Activity
Give the whole listing below once more, exactly, without pictures.

Data
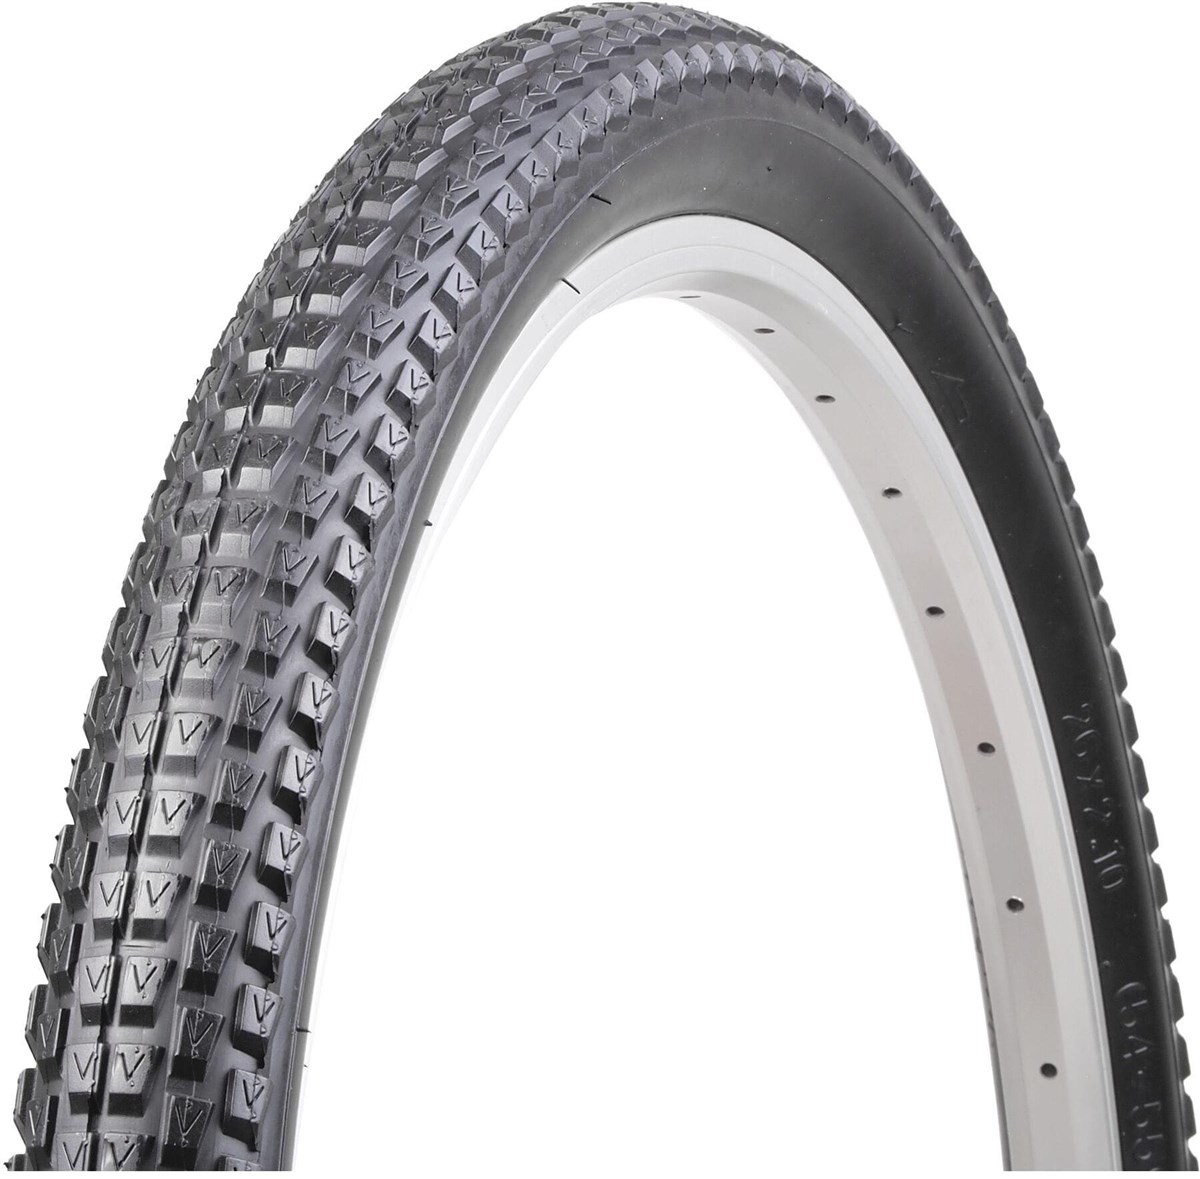 Nutrak Chaos 27.5" MTB Tyre product image
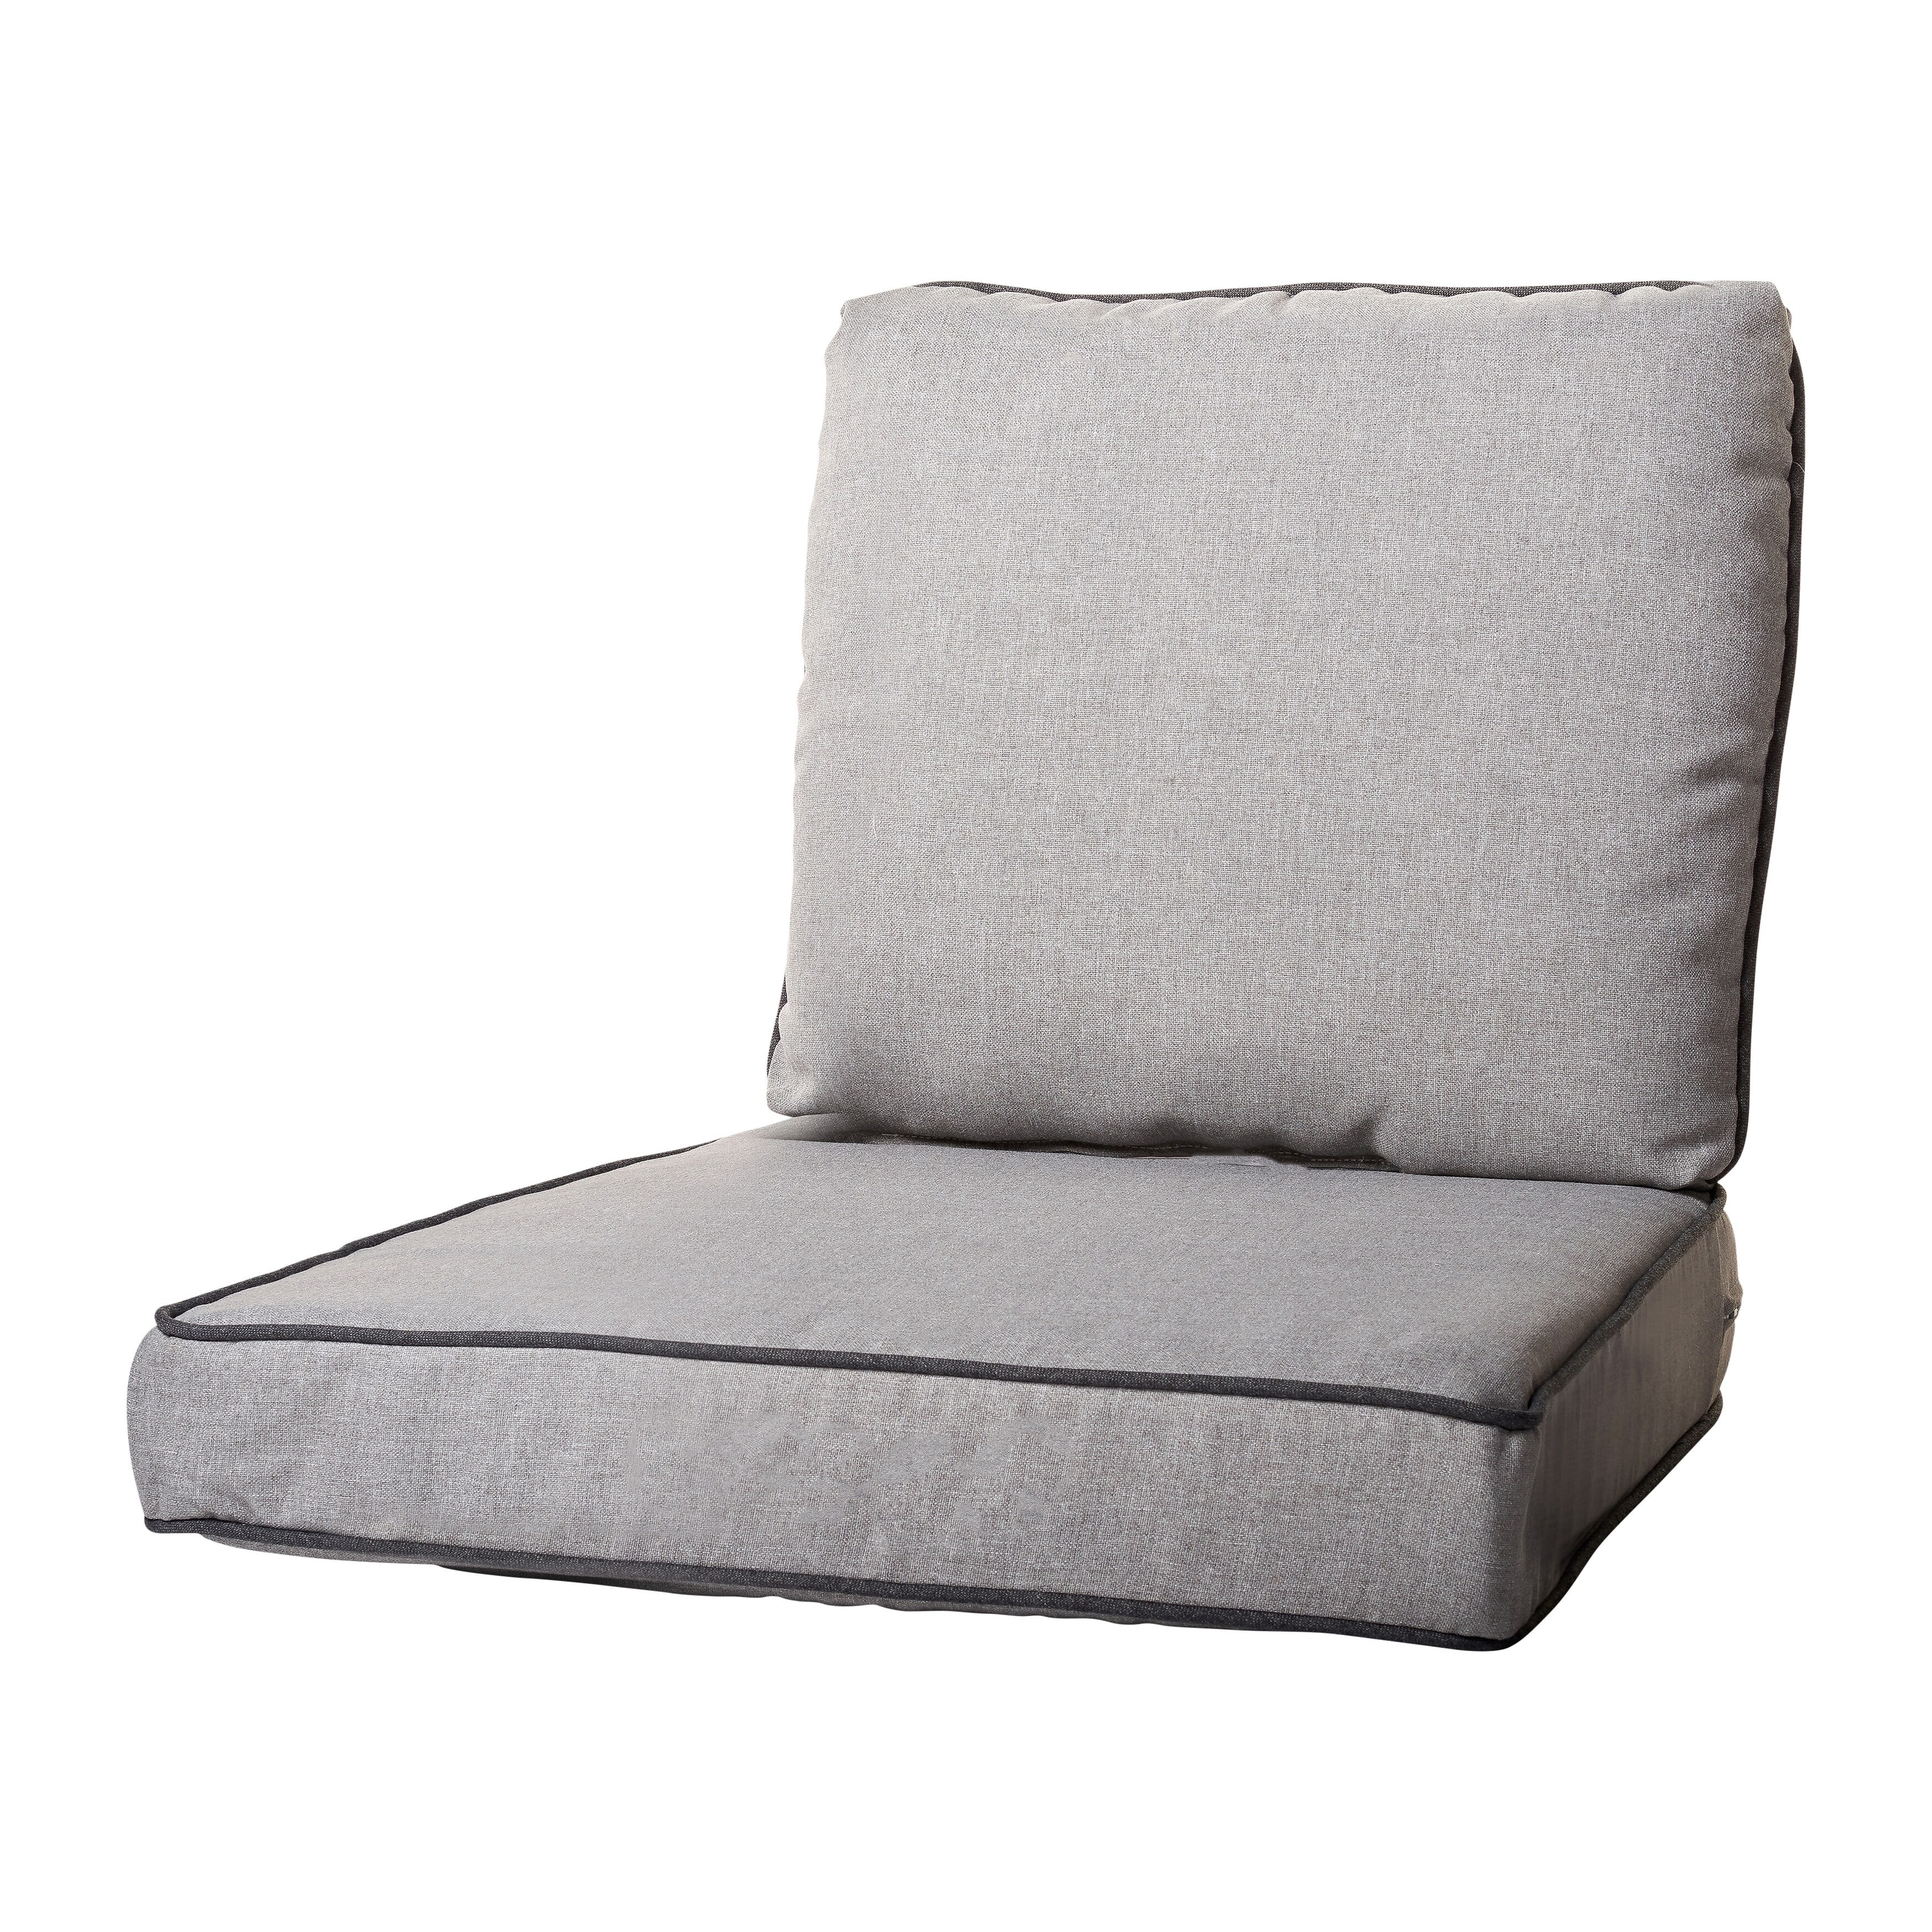 Haven Way Universal Outdoor Deep Seat Lounge Chair Cushion Set - On Sale -  Bed Bath & Beyond - 33981311
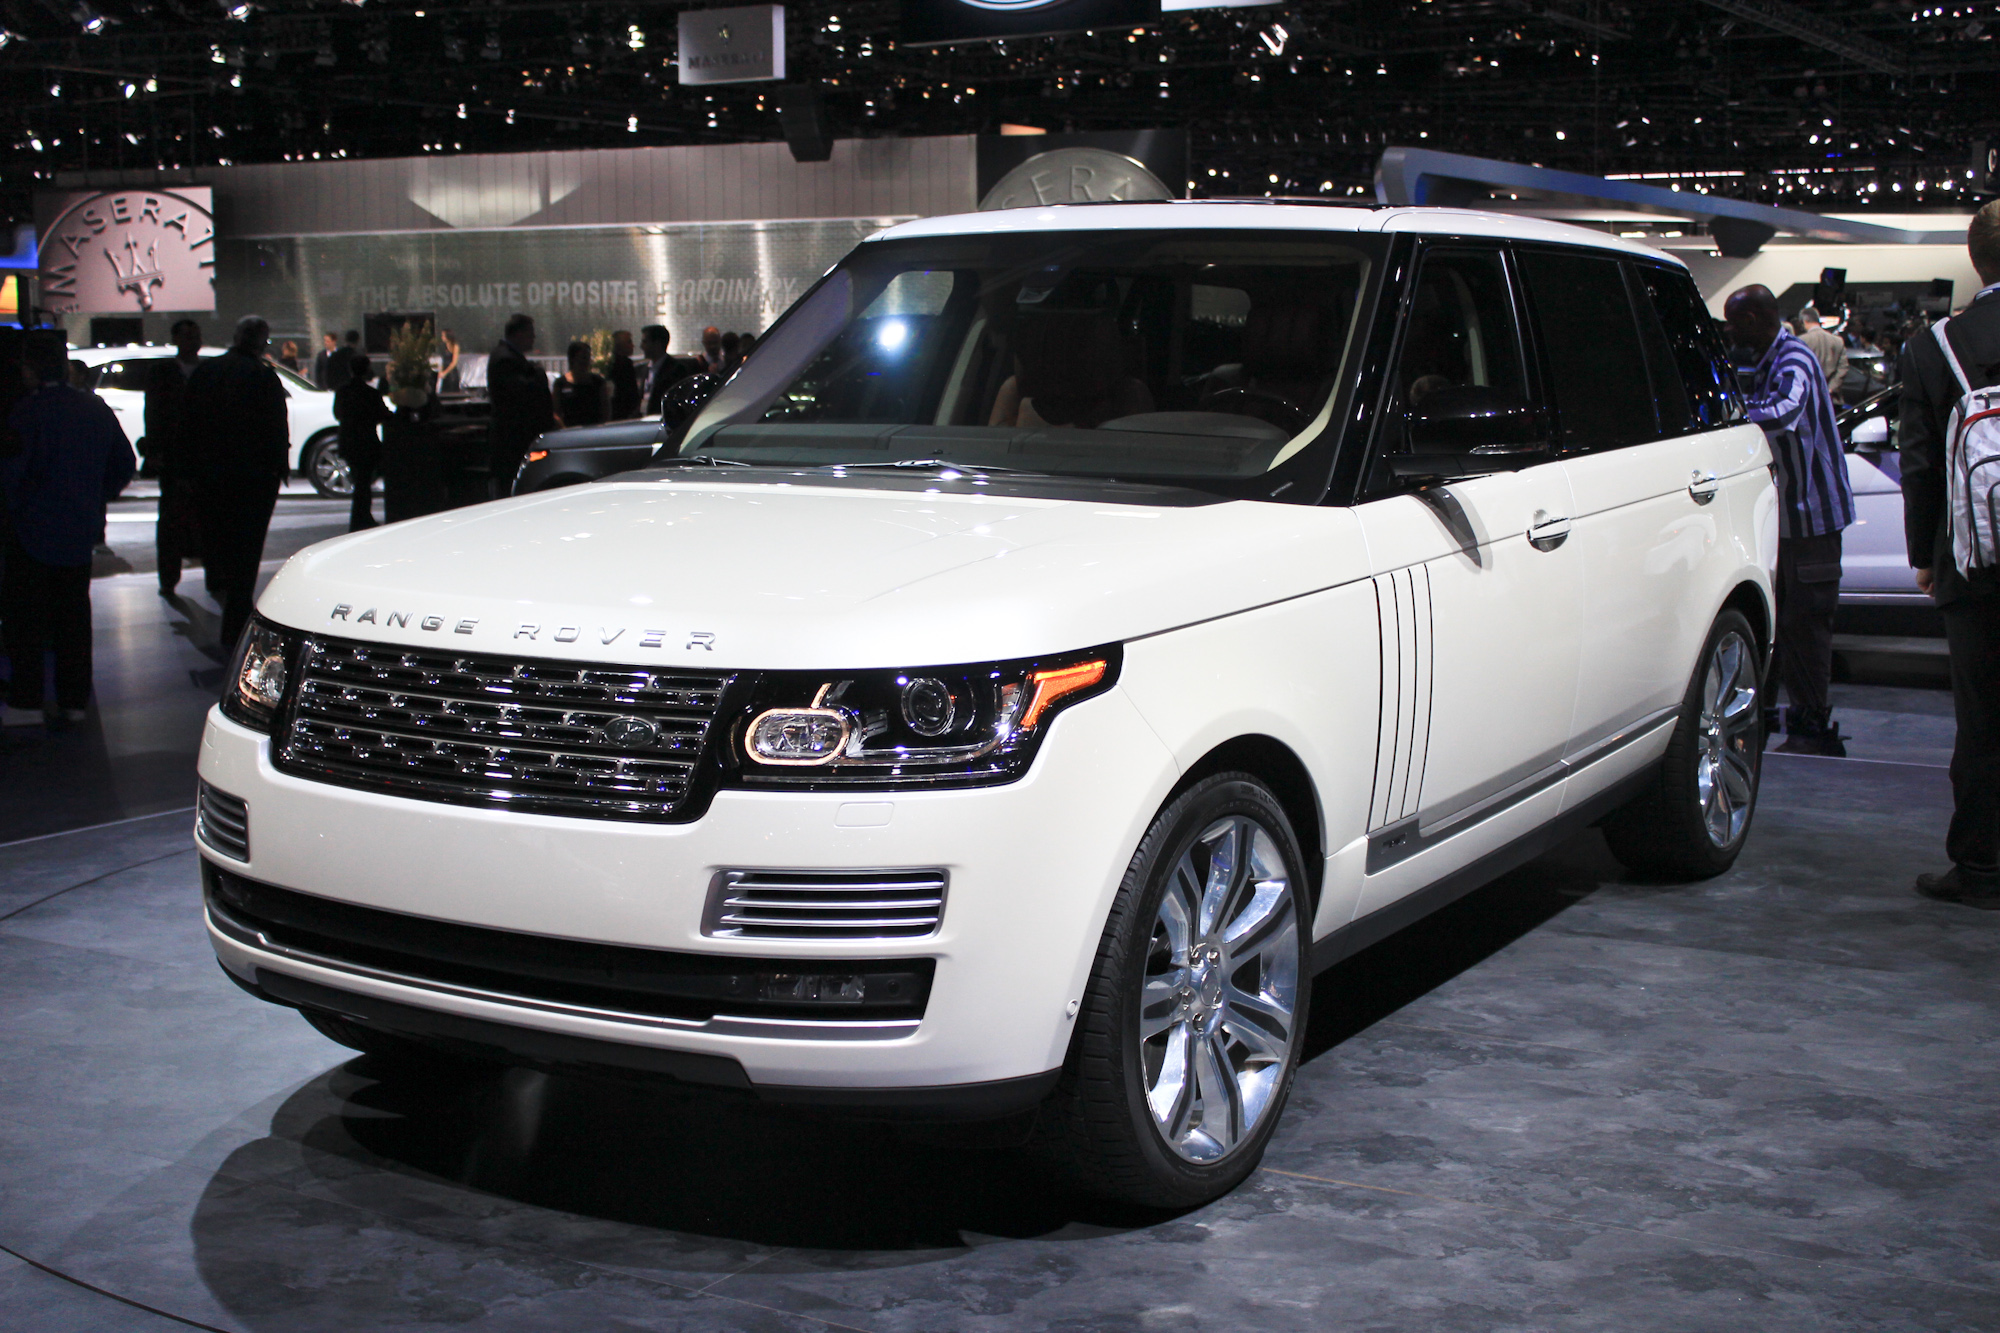 Range Rover Autobiography New Shape  - Part Of The Fourth Range Rover Generation Introduced For 2013.

Result of the task
 Nutrak Chaos 27.5" MTB Tyre product image
 Haven Way Universal Outdoor Deep Seat Lounge Chair Cushion Set - On Sale -  Bed Bath & Beyond - 33981311
 Range Rover Autobiography New Shape  - Part Of The Fourth Range Rover Generation Introduced For 2013.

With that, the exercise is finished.